Reproduce, please, the line that holds "L.S. Lowry Masterpieces of Art" and all later lines through the end of the entries below, exactly; omit pictures.

========================================

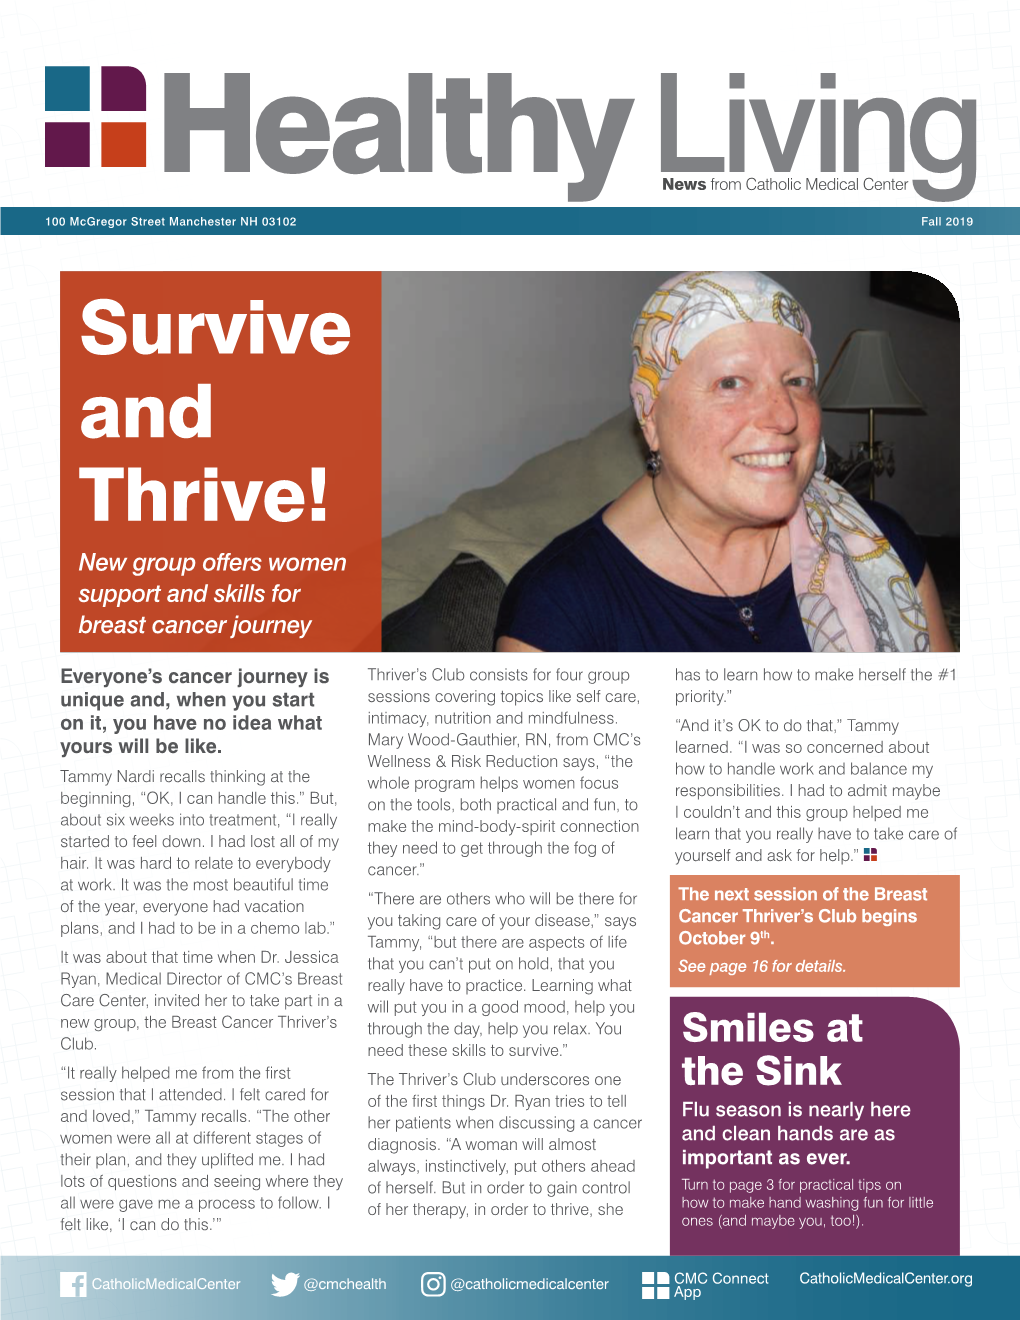 Fall 2019 Survive and Thrive! New Group Offers Women Support and Skills for Breast Cancer Journey
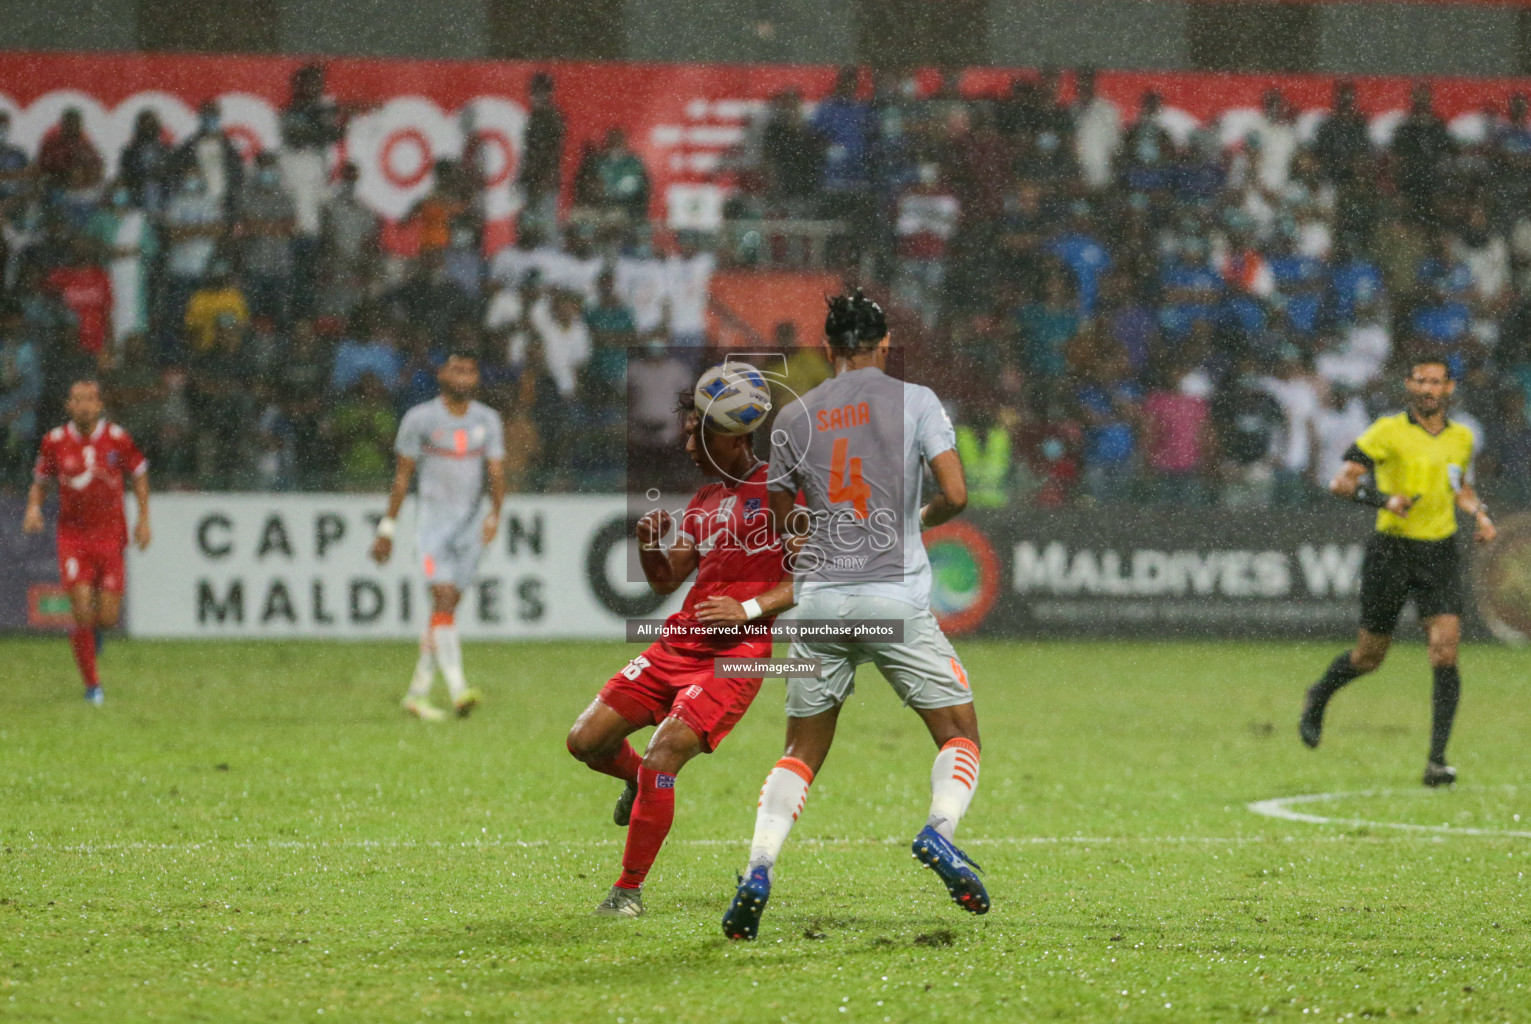 India vs Nepal in SAFF Championship 2021 Finals held on 16th October 2021 in Galolhu National Stadium, Male', Maldives
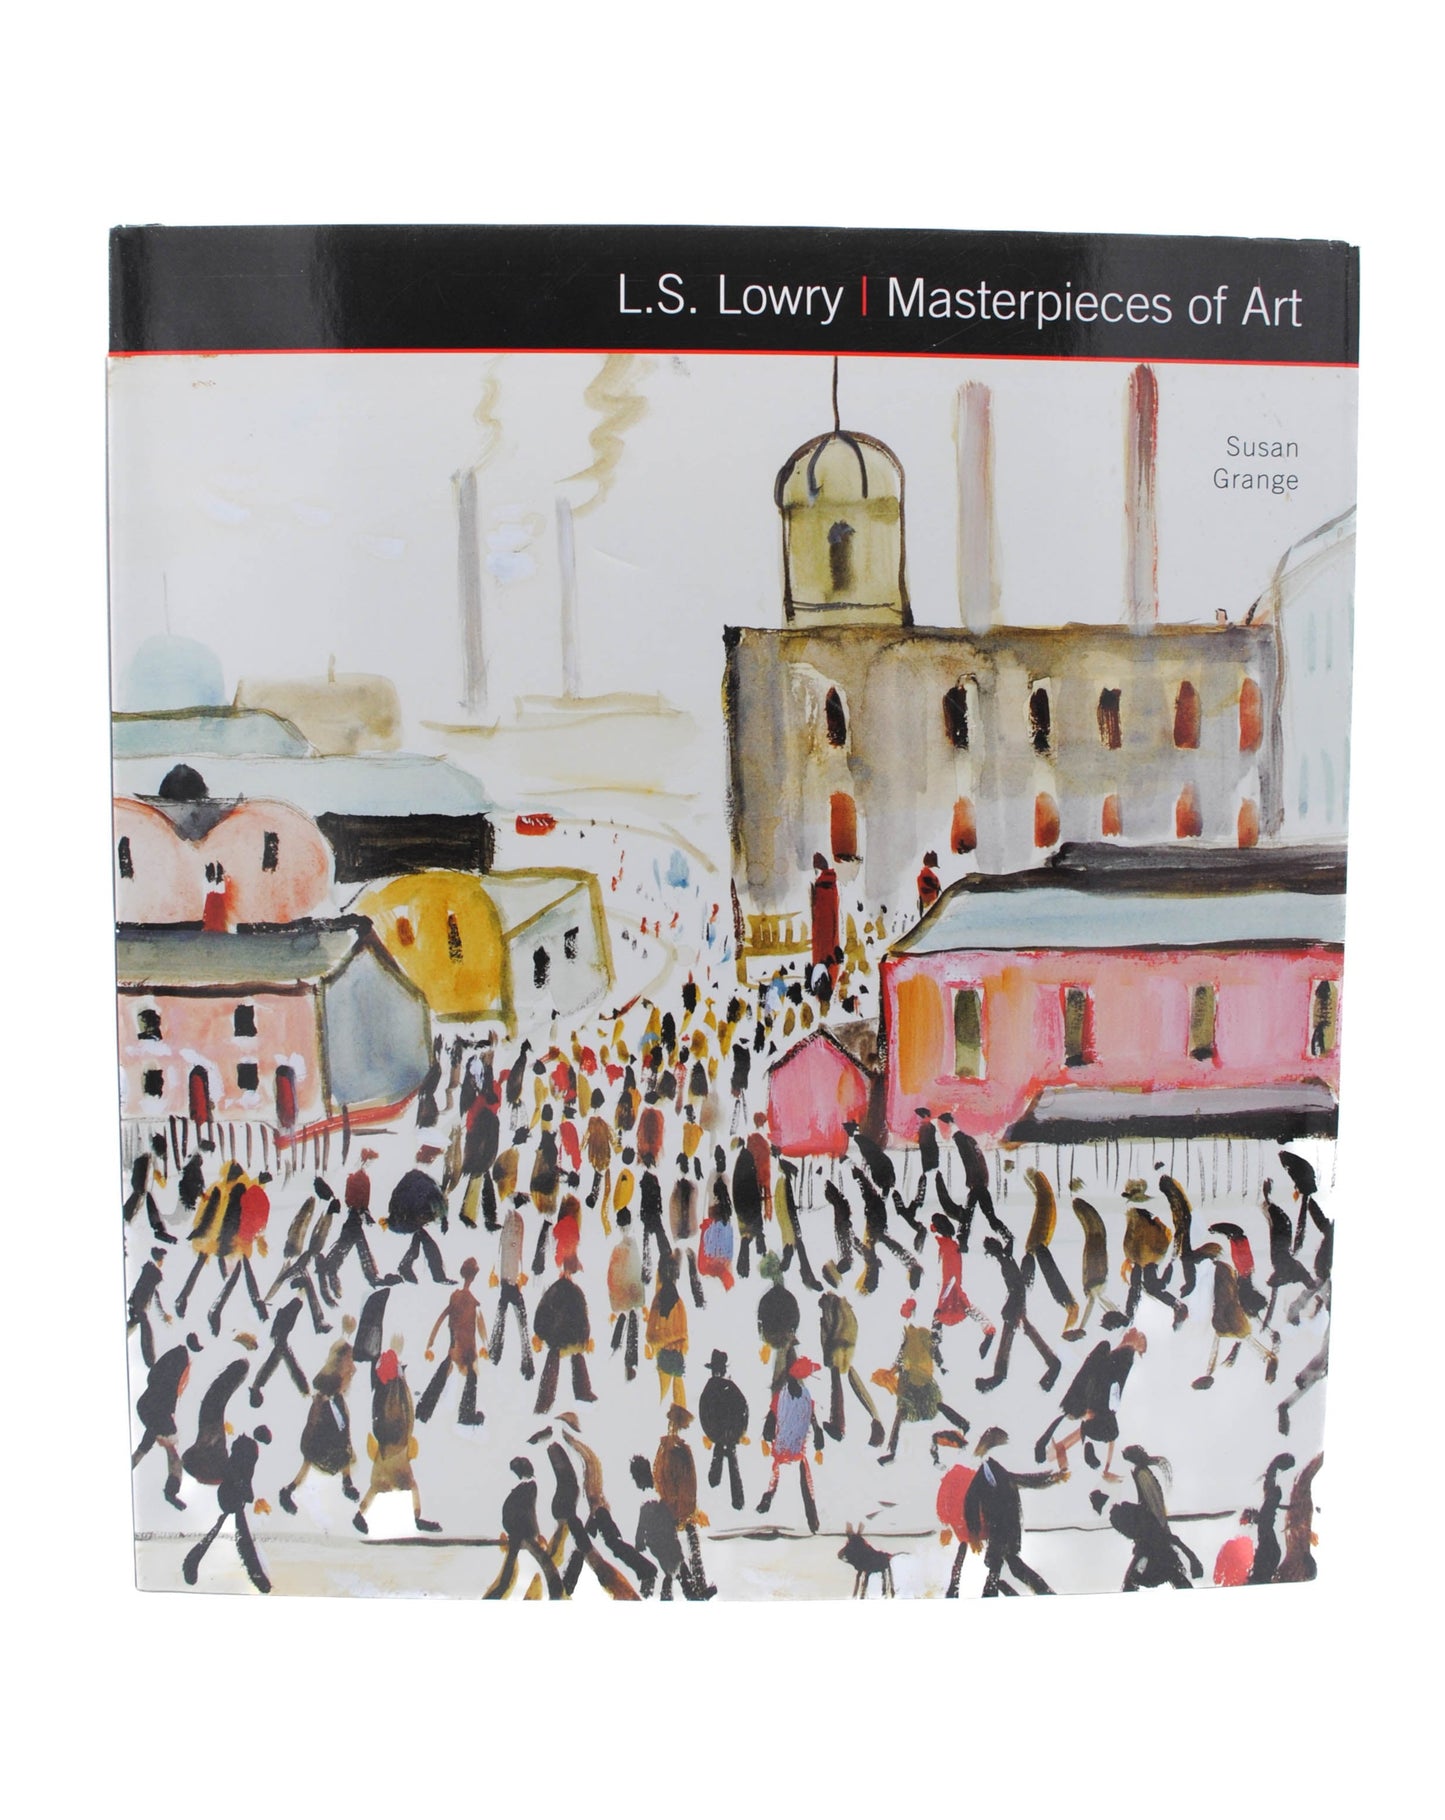 L.S. Lowry Masterpieces of Art
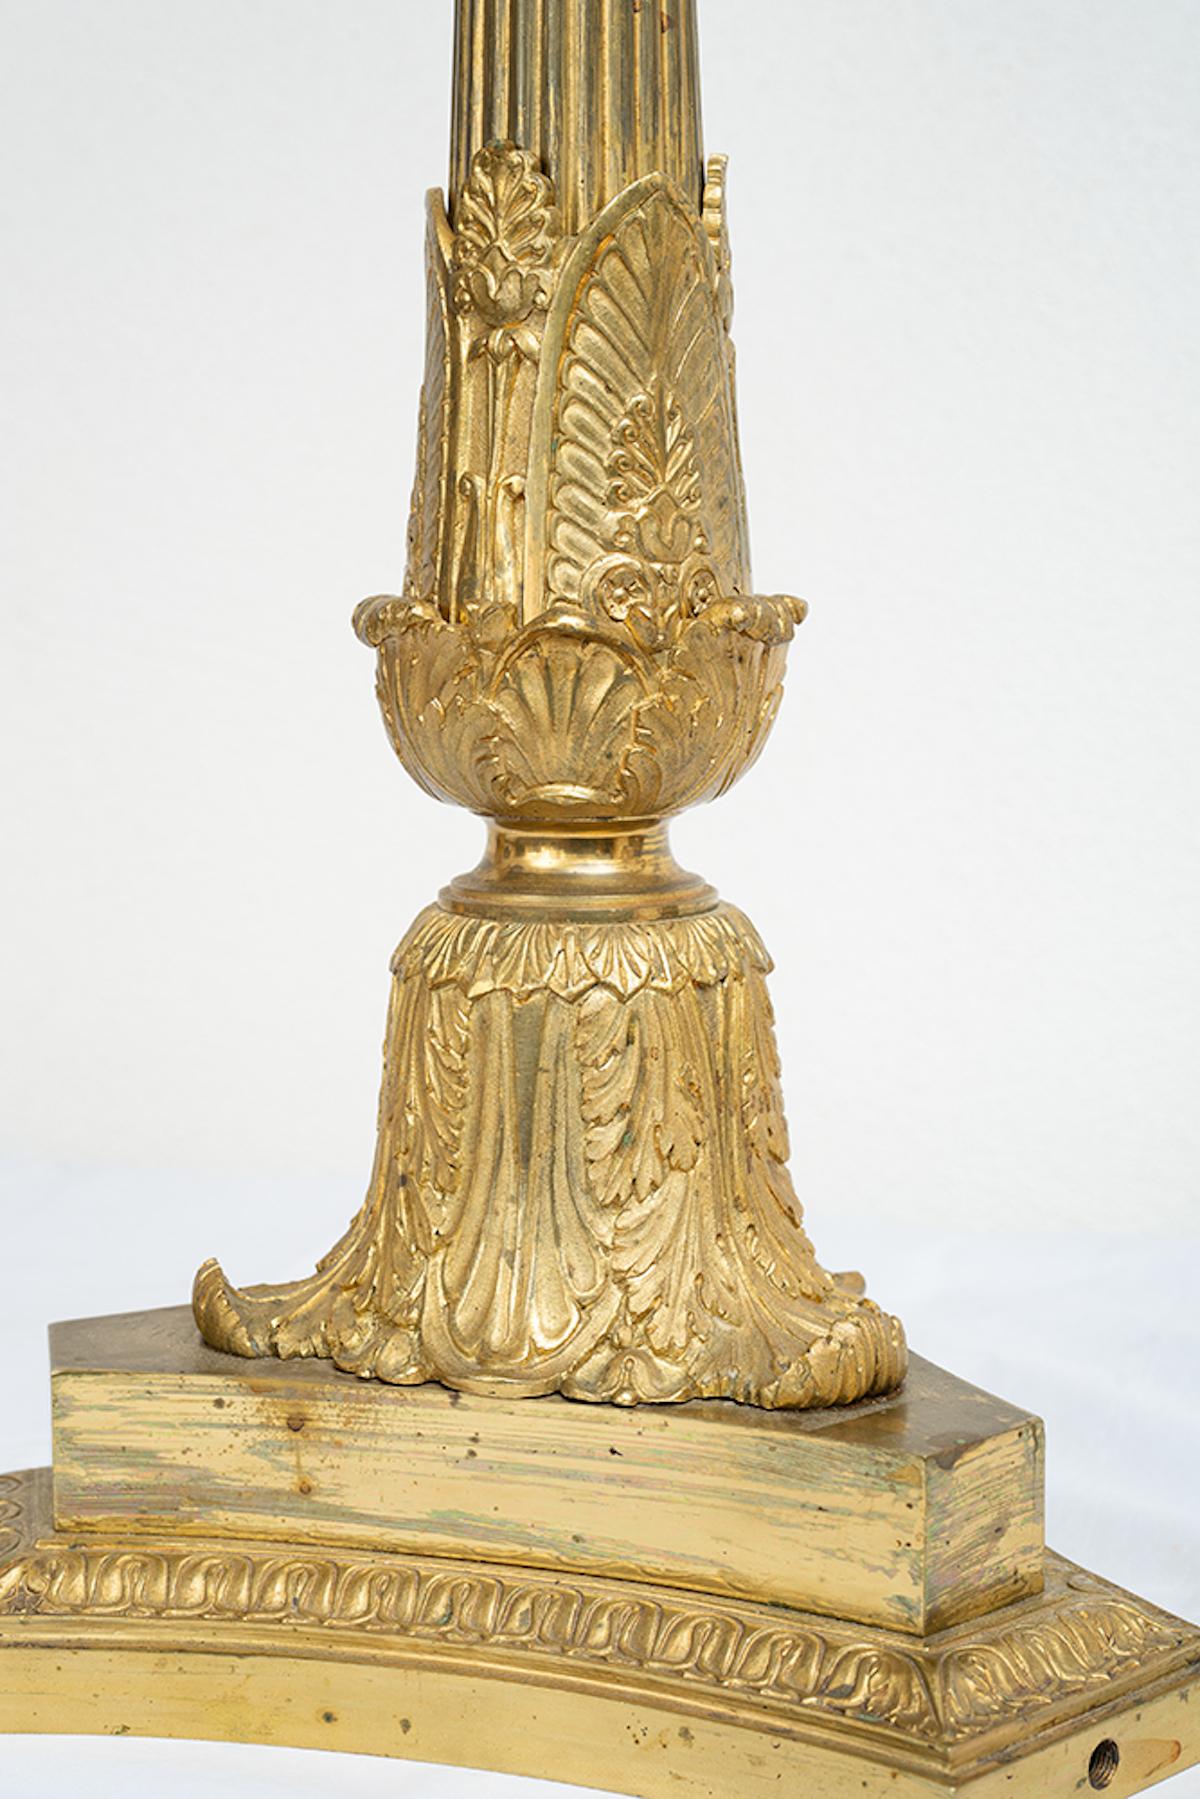 Pair of candelabra/Flambeaux 20sec - Gold Figurative Sculpture by Unknown
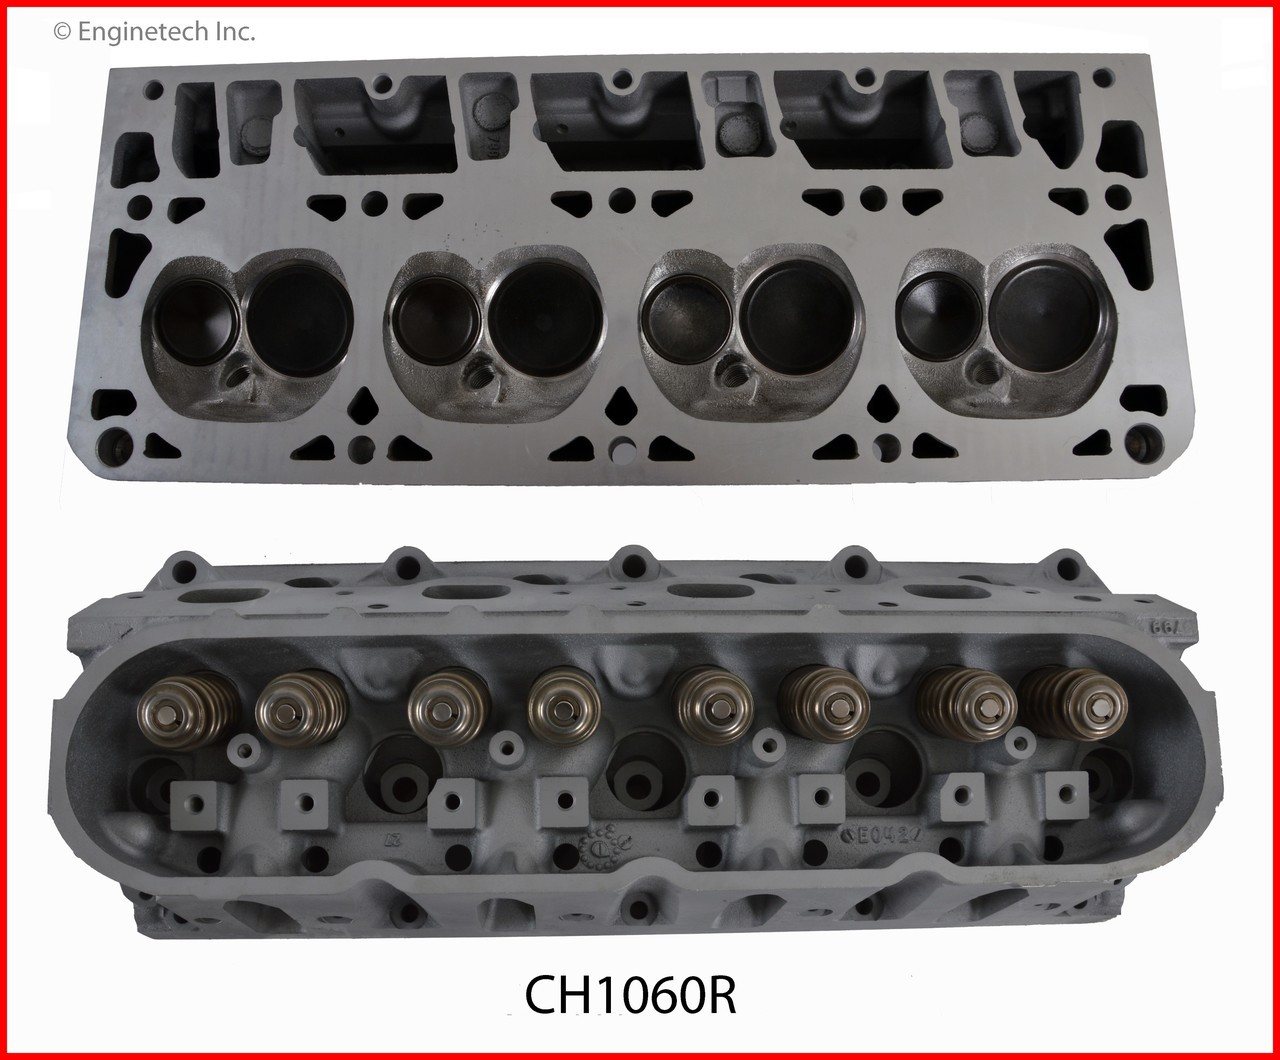 Cylinder Head Assembly - 2007 Chevrolet Monte Carlo 5.3L (CH1060R.K145)

========================================

Solution to the problem ::
 L.S. Lowry Masterpieces of Art
 Pair of candelabra/Flambeaux 20sec - Gold Figurative Sculpture by Unknown
 Cylinder Head Assembly - 2007 Chevrolet Monte Carlo 5.3L (CH1060R.K145)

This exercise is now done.